La difesa della Commissione
Da Bruxelles la replica è netta: l’esecutivo insiste sul fatto che la riforma punta a una maggiore efficacia e a una migliore focalizzazione delle risorse, ricordando che i negoziati sono solo all’inizio e che il testo potrà cambiare lungo il percorso legislativo. Il commissario all’Agricoltura Christophe Hansen ha richiamato i tempi lunghi del processo: “È una maratona, non uno sprint”, rivendicando che il pacchetto è tra le opzioni più favorevoli oggi sul tavolo per sostenere il comparto.
Gli impatti per l’Italia
Dotazione minima. Per l’Italia si prospetta una dote di almeno 31 miliardi nell’arco di sette anni, integrabile con risorse nazionali. La riduzione complessiva, tuttavia, rischia di comprimere i sostegni al reddito e gli investimenti.
Filiera ittica.
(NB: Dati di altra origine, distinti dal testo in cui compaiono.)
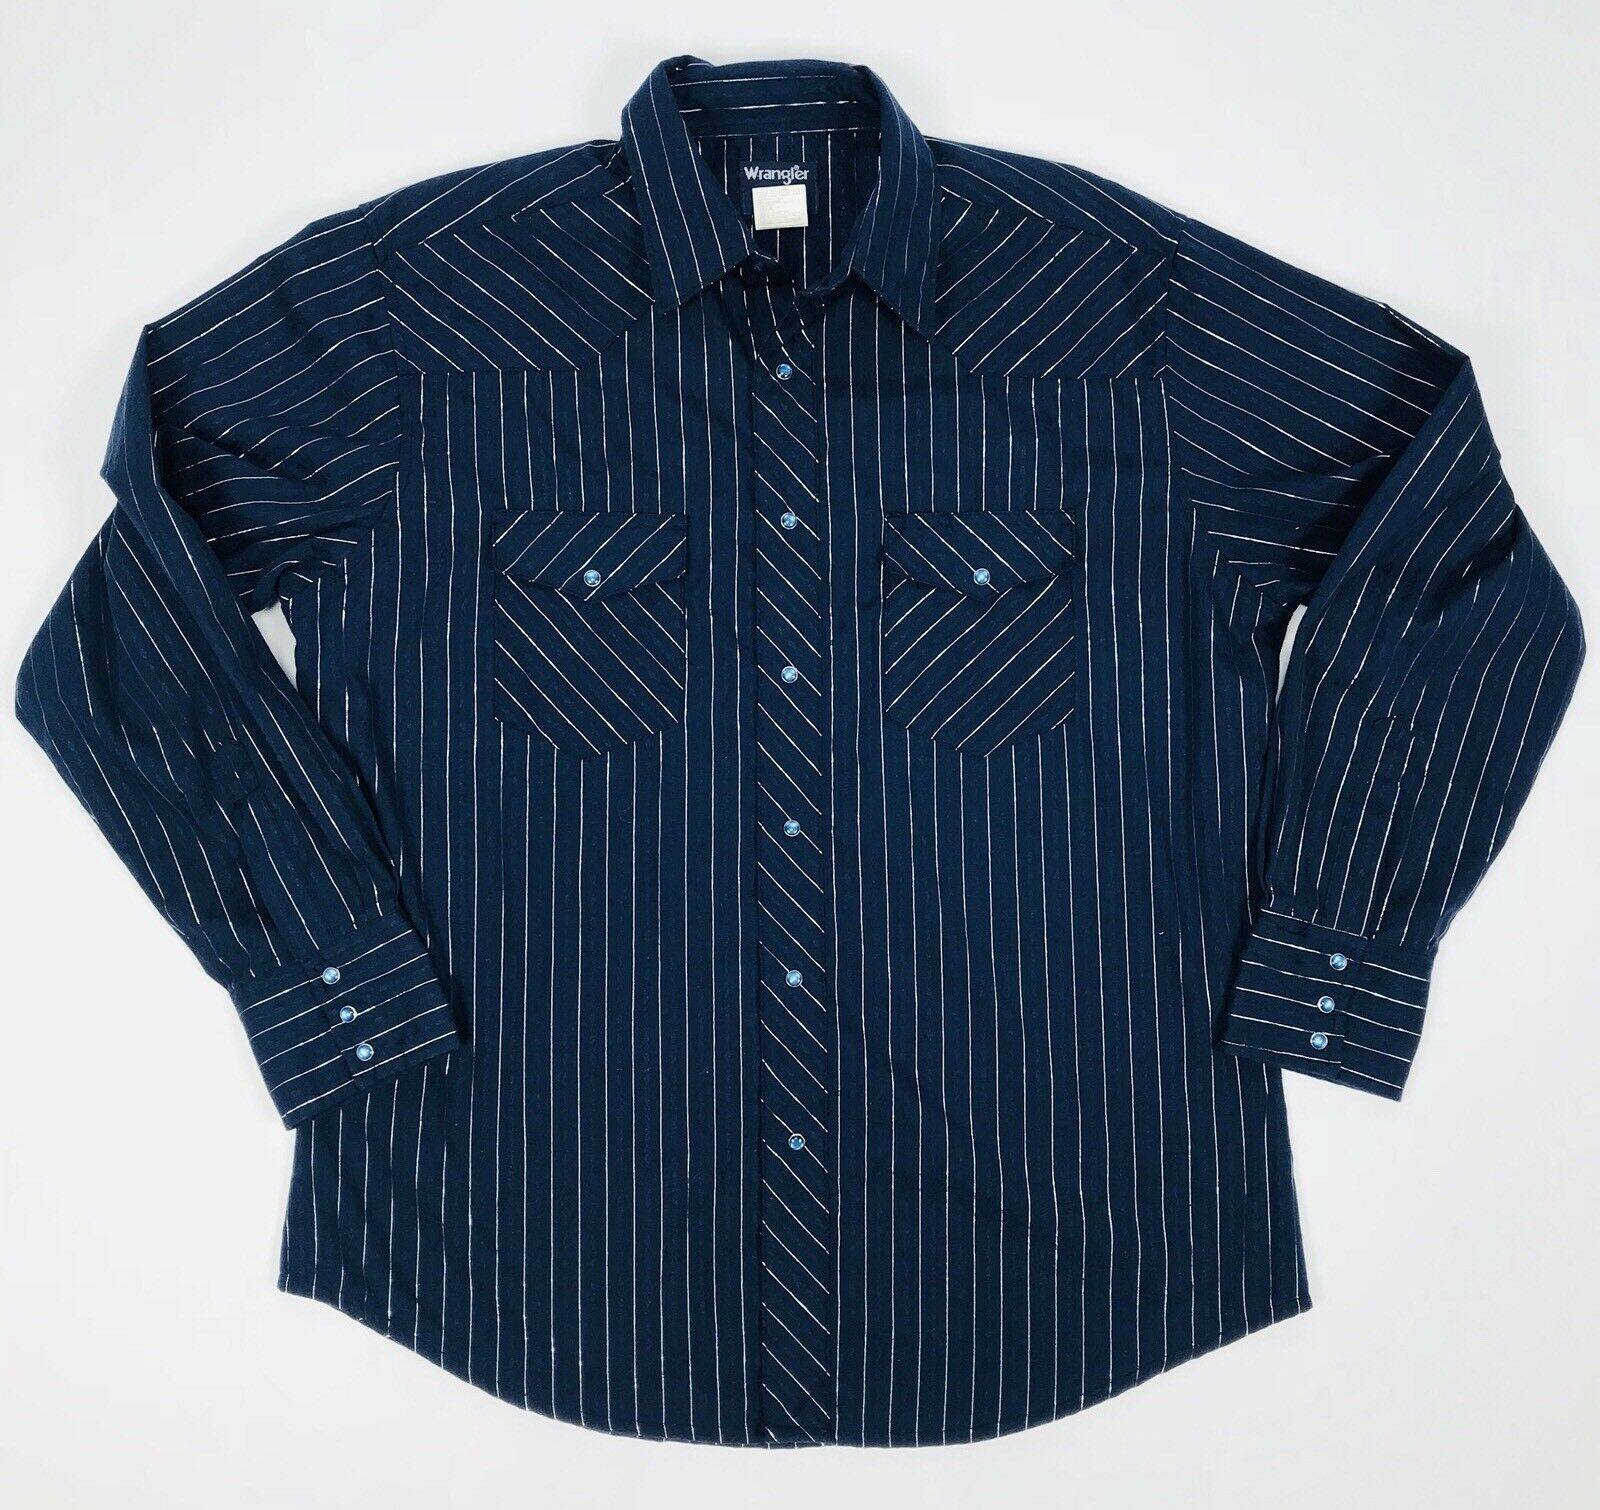 VTG WRANGLER Rodeo Western Shirt Cowboy Pearl Snap Navy bluee Metallic Stripes L

Il ridimensionamento dei fondi per la pesca — dagli attuali livelli complessivi di riferimento a una soglia minima europea inferiore — solleva timori nelle marinerie per la tenuta economica e l’accesso agli strumenti di modernizzazione e transizione.
Pressione sui bilanci nazionali. L’idea di colmare con fondi statali la differenza rispetto al quadro attuale sposta parte dell’onere sui conti pubblici, con rischi di frammentazione e di competizione fiscale tra Paesi.
Sovranità alimentare e mercato unico. Meno risorse comuni e più cofinanziamento nazionale possono ampliare le divergenze, incidendo sulla resilienza delle filiere, sul ricambio generazionale e sugli investimenti in innovazione e transizione climatica.
Cosa aspettarsi dai negoziati
Non siamo a un punto di non ritorno. Il Quadro finanziario pluriennale dovrà passare attraverso il vaglio del Consiglio e del Parlamento europeo. La posta in gioco non è solo la dimensione del sostegno, ma la sua architettura: quanto resterà davvero “comune” e quanto verrà demandato agli Stati? Per l’Italia sarà decisivo un lavoro diplomatico capillare, con la richiesta di tutele minime su pagamenti diretti, gestione del rischio e investimenti a lungo termine, evitando che la riforma si traduca in tagli lineari e in nuovi squilibri competitivi.